> **The problem**
Return the material below exactly, but only from the line with "Nigel Mansell F1" through the line with "Heineken Q1: Growth", and without its pictures.

> **Task data**
──────────
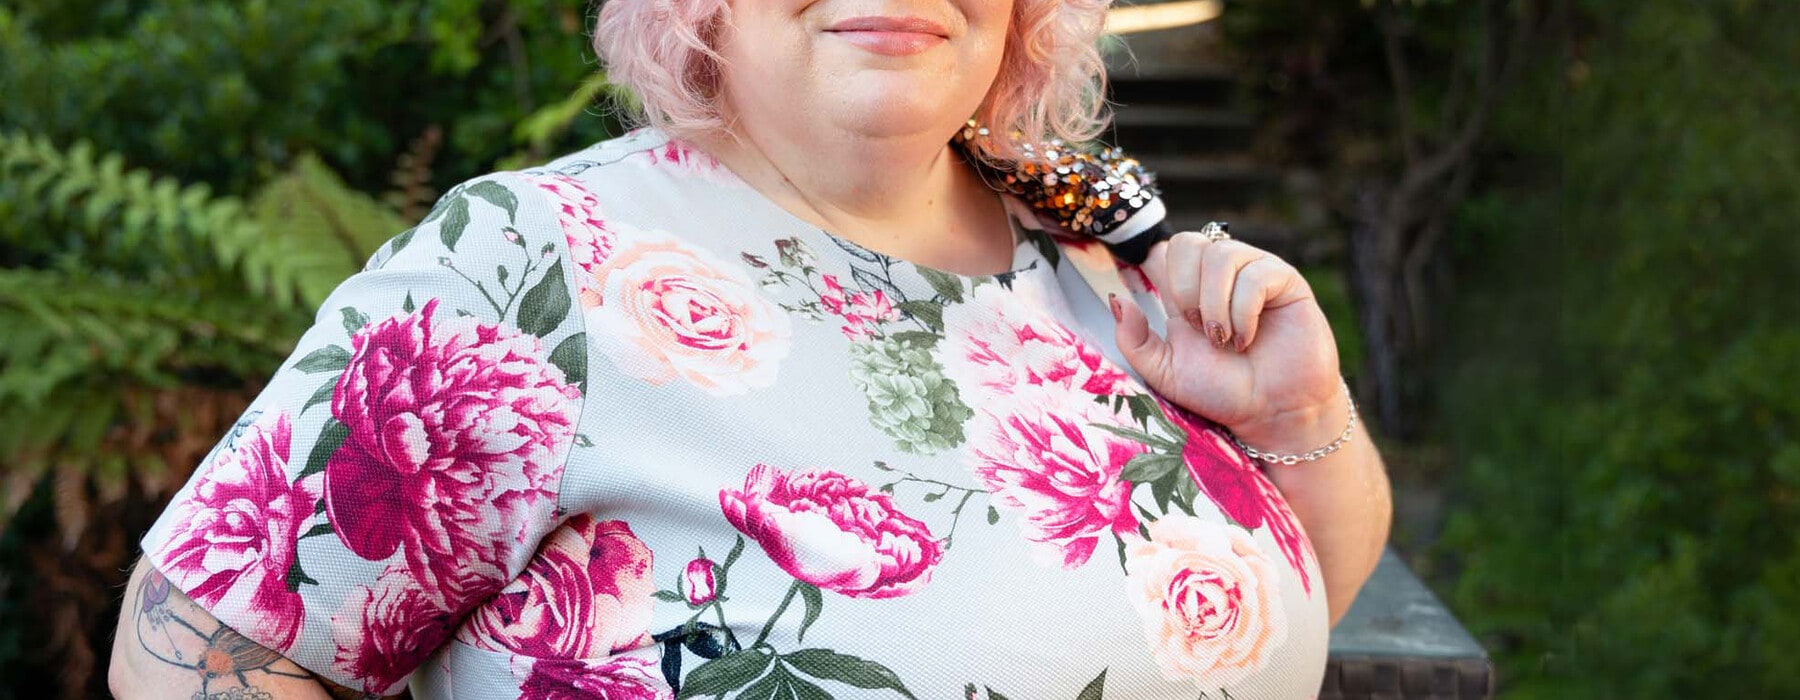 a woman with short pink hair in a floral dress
──────────
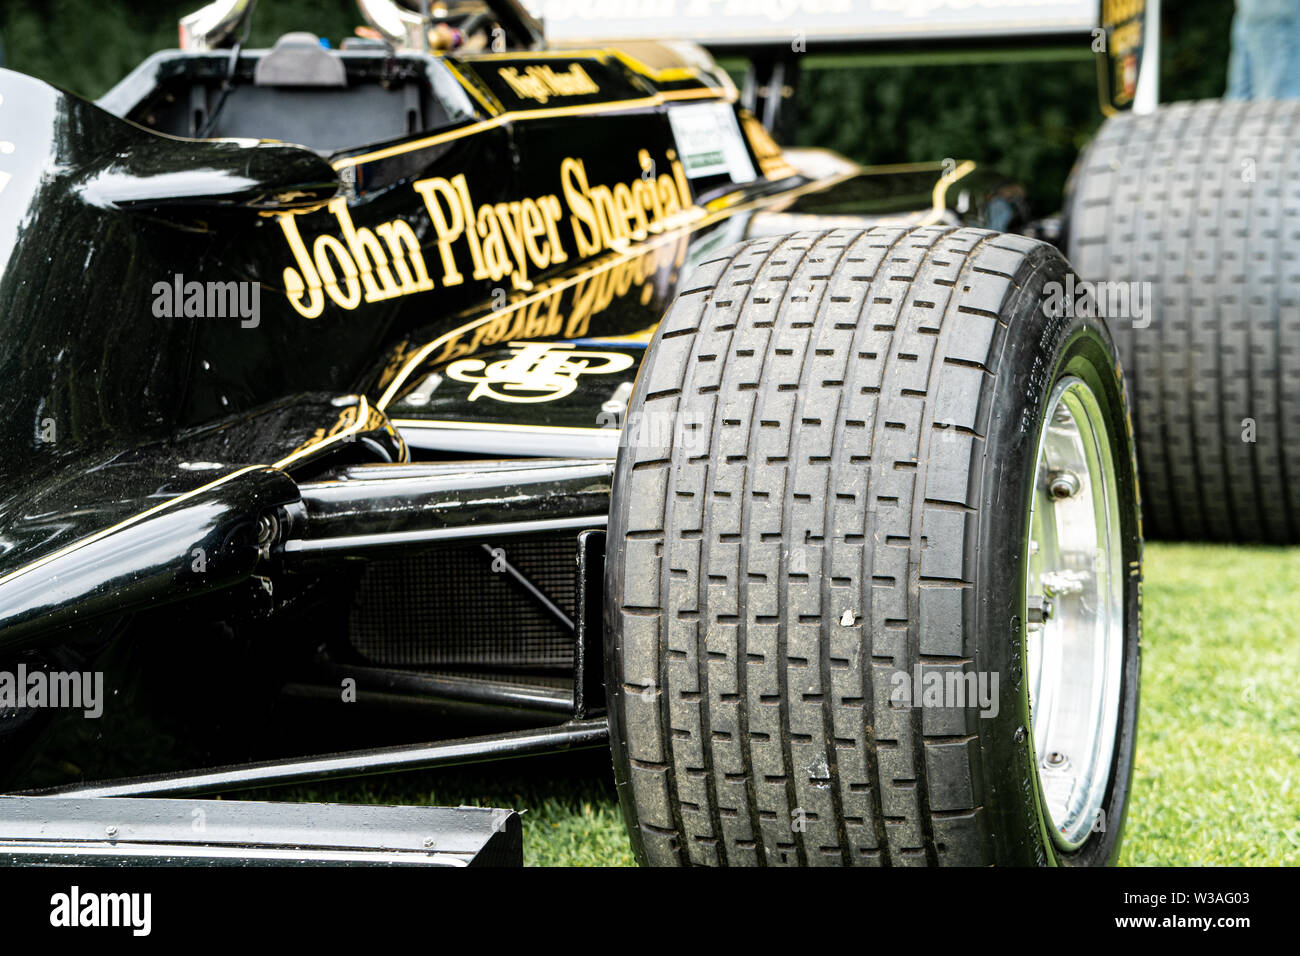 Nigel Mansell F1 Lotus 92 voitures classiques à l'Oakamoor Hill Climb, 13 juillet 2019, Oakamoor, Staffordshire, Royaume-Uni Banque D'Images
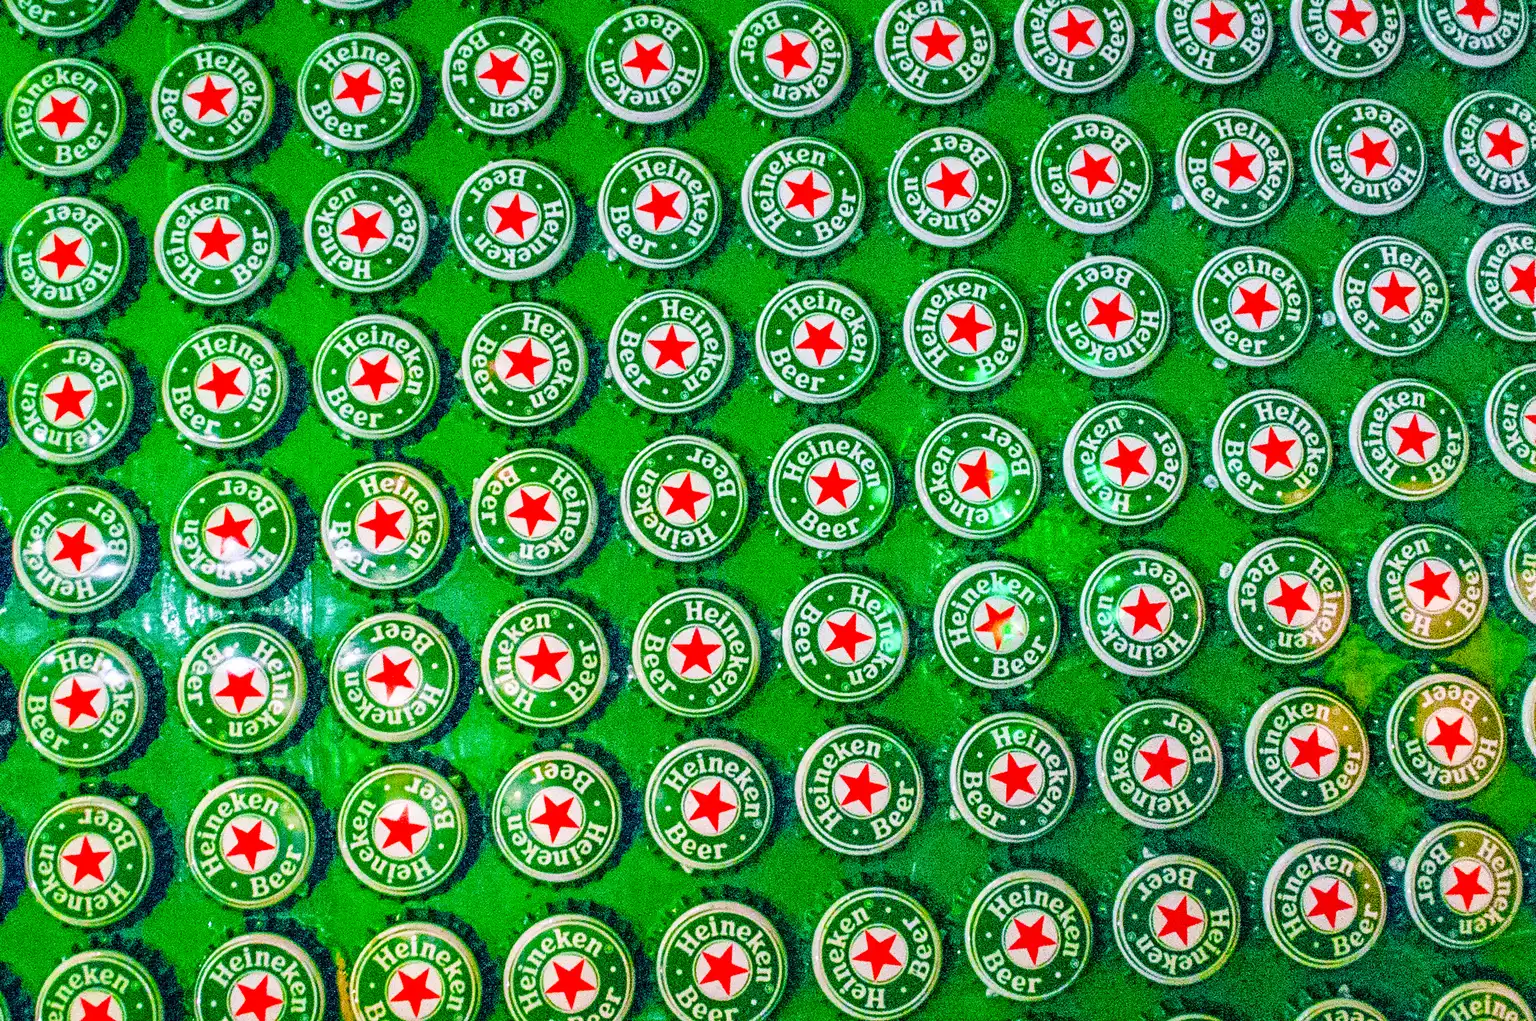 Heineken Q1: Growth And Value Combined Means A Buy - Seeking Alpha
──────────
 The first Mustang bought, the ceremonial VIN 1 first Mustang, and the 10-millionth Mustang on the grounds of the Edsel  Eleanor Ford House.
──────────
> **Solution for this exercise**
 Nigel Mansell F1 Lotus 92 voitures classiques à l'Oakamoor Hill Climb, 13 juillet 2019, Oakamoor, Staffordshire, Royaume-Uni Banque D'Images
 Heineken Q1: Growth And Value Combined Means A Buy - Seeking Alpha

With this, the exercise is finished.